There are lots of people alive today that couldn't drink from the same fountain or use the same bathroom as white people, and people who had friends and family members lynched (and in the eyes of many George Floyd's death was a lynching). Their neighborhoods were bulldozed to make the highways and they were systematically excluded from housing by redlining. You won't convince me for a second that their children and grandchildren got an equal opportunity. There is so much evidence of systemic disadvantaging of PoC communities today too, underfunded schools because of how we fund schools with local property taxes, turning lots of the public school system into effectively fancy private schools for families well off enough to live in rich neighborhoods.

So I will say it again, I do think at the surface level affirmative action is racist, but it's such a simple thing to realize it seems extremely pointless to even bring up. It is fighting centuries of truly heinous racism and genocide with just a tiny bit of an attempt at positive racism and white people still find a way to be pissed off they aren't getting everything the "deserve".


> people fighting against affirmative action need to propose an alternative rather than just complain about it

Not only is an alternative proposed, it's already implemented for quite a while: discrimination is illegal. Equal outcome vs equal opportunity. You can argue for any side you want, just don't pretend you don't see or don't understand the other position.

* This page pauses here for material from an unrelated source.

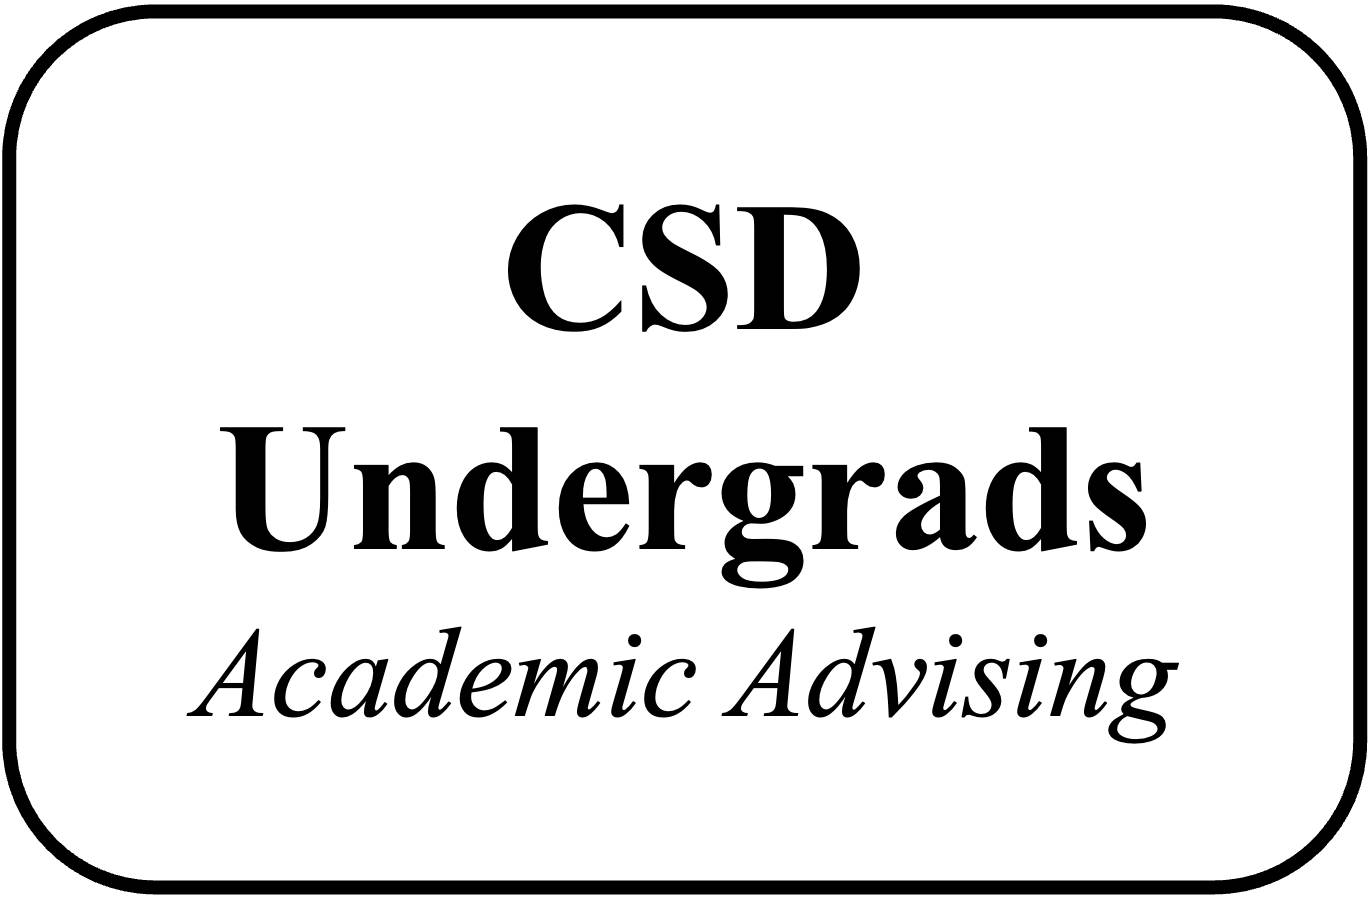 CSD Undergraduate Academic Advising

I see this as just as simple and misguided of a take as noticing that affirmative action is racist. People have been making this argument forever, we passed all laws and did all the work we needed to when we ended slavery, oh wait nope we got it right in 1967 with the civil rights act, no more work to do, the only tragedy left is that the damn "riff raff" and lefties just can't stop talking about race. They're the real racists!

This thread is depressing as fuck and really is making me rethink how often I ought come to this site, and interact with this community. And I really didn't realize how much this toxic bullshit was pervasive in tech. I am going to be participating more in DEI initiatives going forward, while taking the feedback and criticism of the OP into account.


I said nothing like "damn lefties" or anything similar, don't know why you are replying this to me. Nor do I understand why you had to explain how repulsive the other side of the debate is to you.

As for "simple and misguided" - that is exactly how I see affirmative action where the recipients are selected by skin color and not by socioeconomic status and where the help comes in the form of outcomes and not opportunities.


Equal opportunity as in paying reparations for slavery, Jim Crow laws, and the rest?

Or no because the statute of limitations expires while white government was busy refusing to entertain the idea?

Support for reparations is table stakes for anyone talking about "equal opportunity".


This is the general course of any thread concerning DEI on HN. It's filled with concerns about reverse-racism, and how "skin color shouldn't matter" and whatnot. The history behind why such initiatives exist is intentionally ignored.


If racism is wrong (which I believe it is), then it is always wrong, no matter which groups are benefited or harmed.